The government has begun efforts to shift inmates from Thika prison to the nearby Yatta, Ruiru and Murang’a prisons in order to decongest the Thika prison.

This comes after concerns of a cholera outbreak that hit the facility in which 38 inmates contracted the disease in the past one week.

Correctional Services Principal Secretary Mary Muthoni said the facility that has a capacity of 500 is now holding over 1,200 inmates, making it difficult to contain such an ailment on time.

Speaking after touring the facility to assess the cholera status yesterday, the PS said the decongestion programme would have the numbers reduced considerably to ensure the inmates live decently.

She said they are also working with neighbouring courts of Kandara, Thika and Ruiru to reduce the number of inmates being admitted at the Thika prison.

She said offenders who have been sentenced will be spread across the neighbouring prisons to ease congestion in Thika prison.

While noting that they have managed to contain the virus, the PS said it would have been easier had the facility been not crowded.

“We have managed to contain the disease.
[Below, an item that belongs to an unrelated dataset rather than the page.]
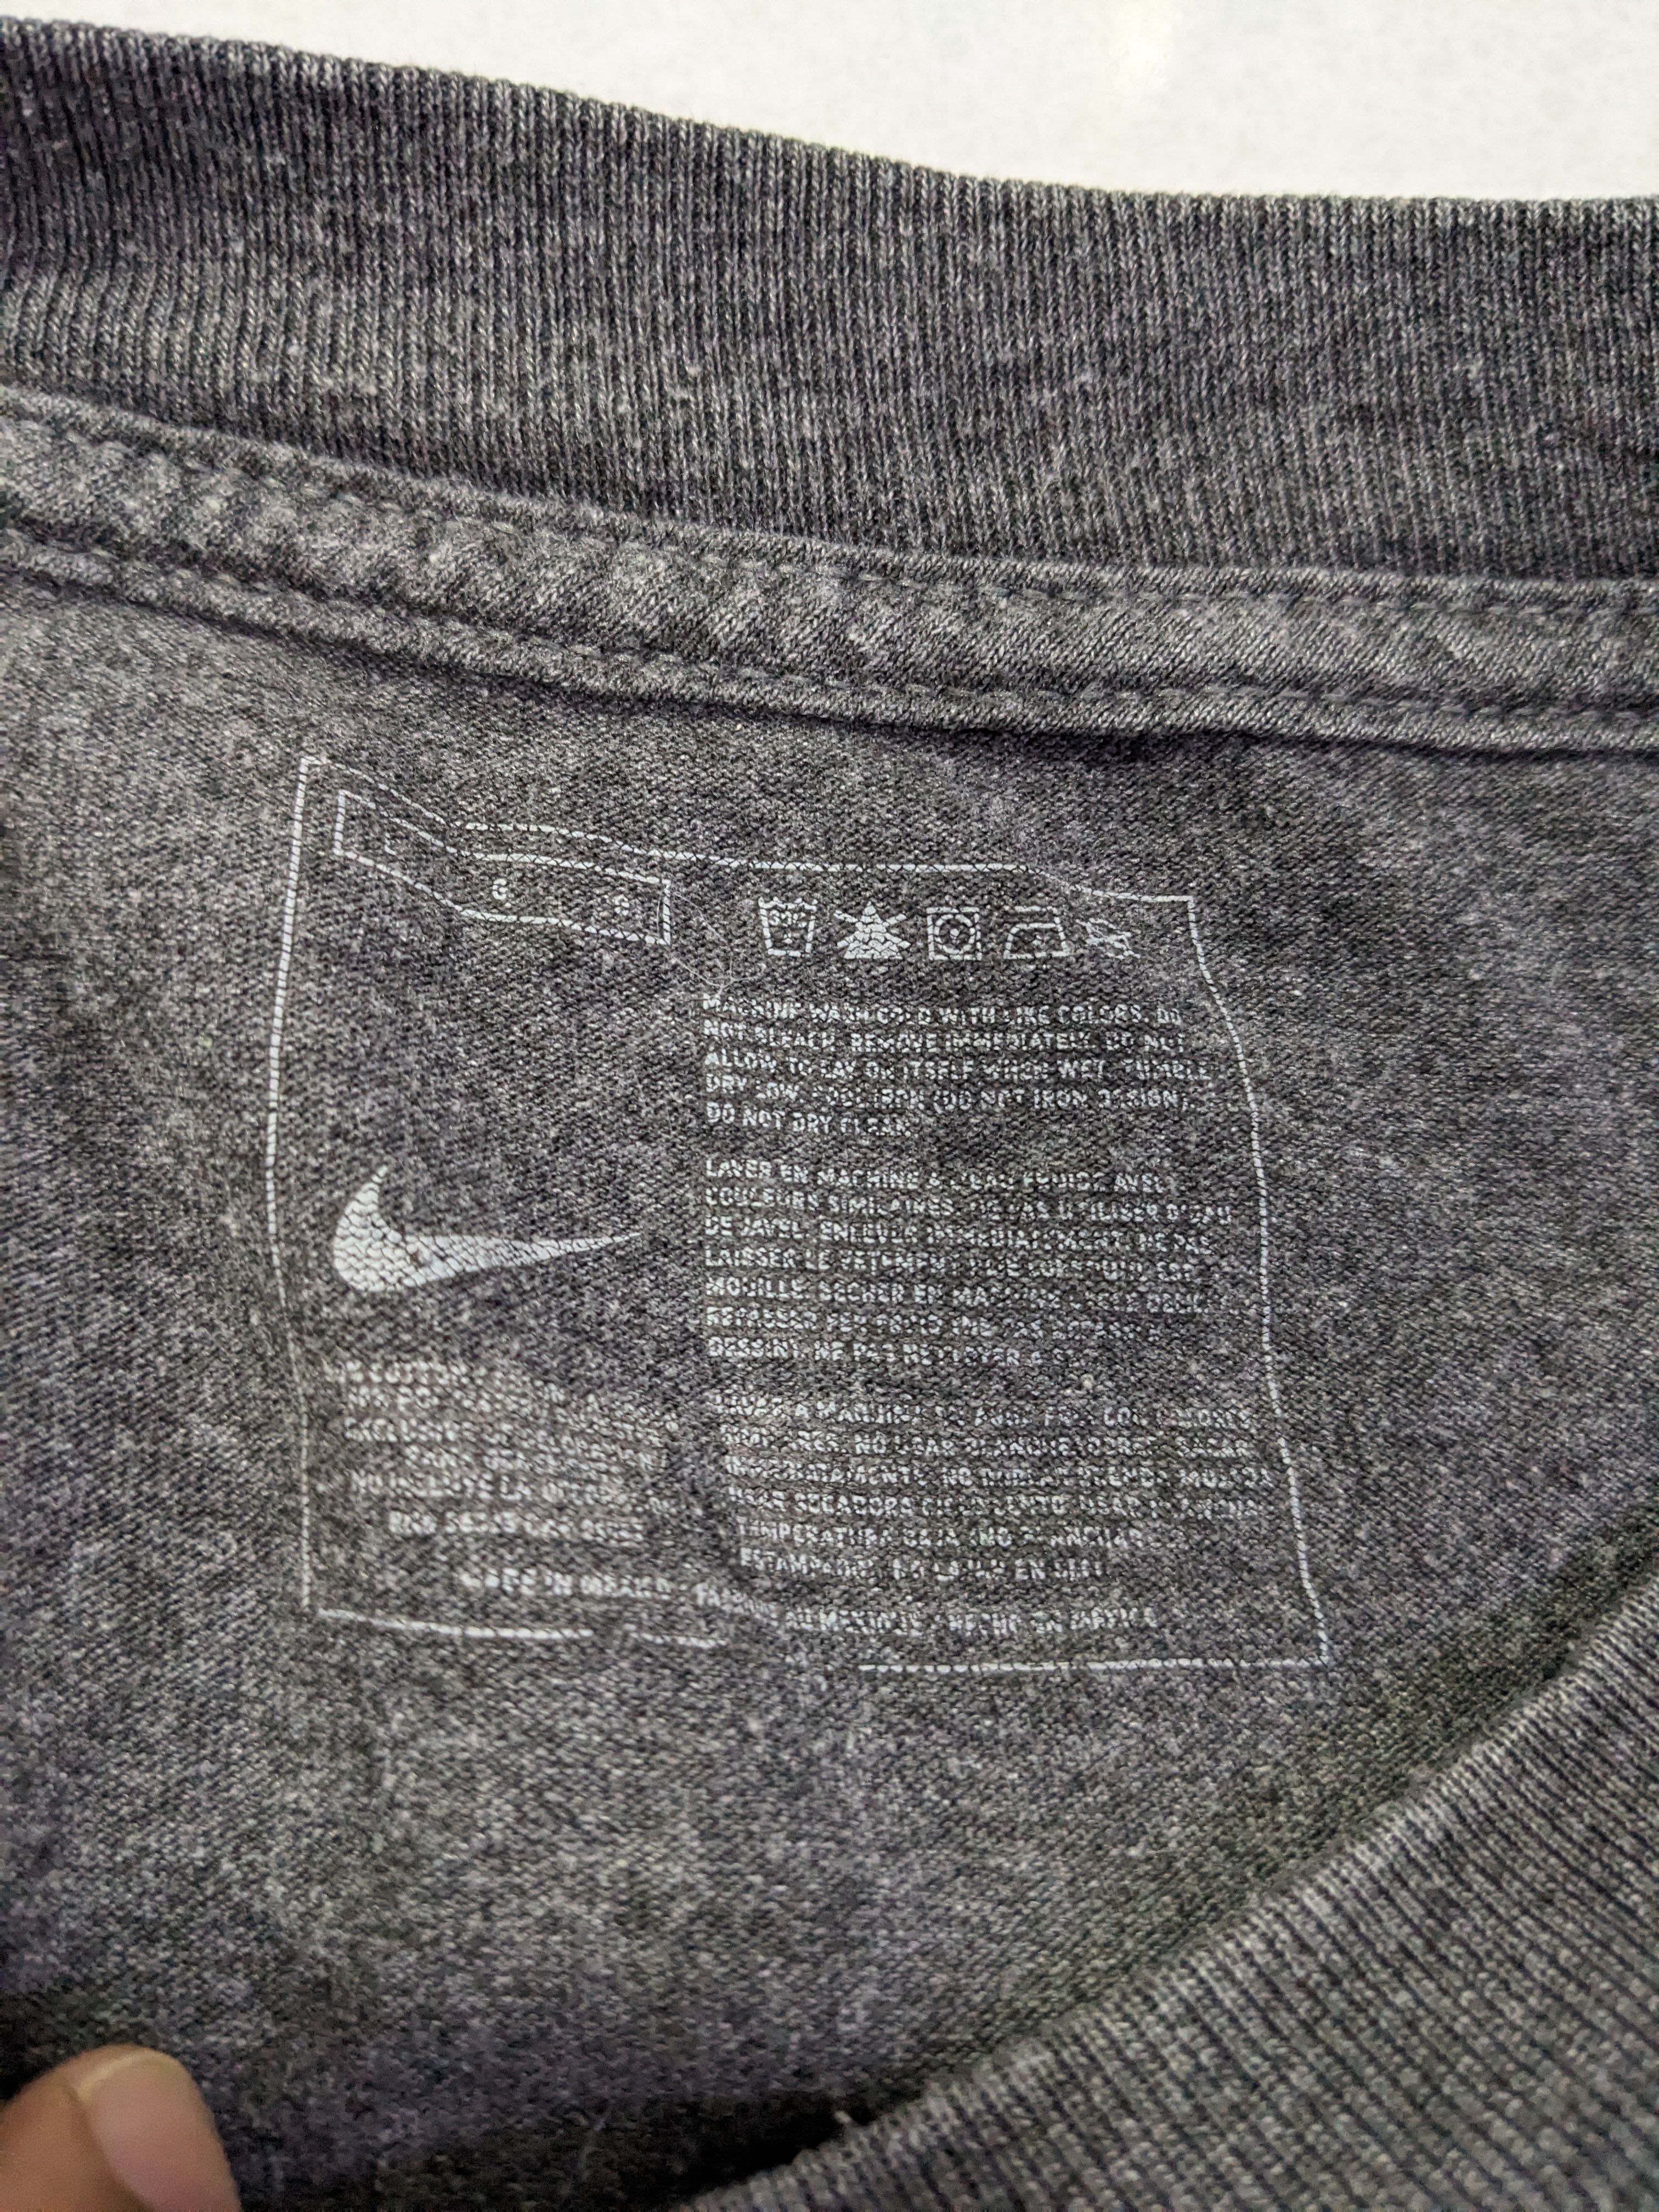 Nike Pegasus Gray T-shirt Size L Mens - 5

From the over 38 inmates who contracted the virus over the past one week, only seven are still sick. The remaining 30 are stable. However, one is critical and is hospitalized,” she said.

She also instructed the prison management to ensure new prisoners are screened for the disease before they are allowed at the facility.

This is after revelations that the disease got into the facility from new offenders who had been sentenced at the Ruiru and Kandara courts.

“Going forward, we want to ensure that before new prisoners are admitted at the facility, they get tested for cholera. That way, we will end new infections,” she said.

She at the same time said they are working on drilling boreholes and procuring new bowsers to ensure the facility has flowing water even during rationing.

“We also ask the prison management to ensure a high level of hygiene and water flow at the facility. They should also liaise with the local water distributing company Thiwasco to ensure they don’t ration the commodity,” she said.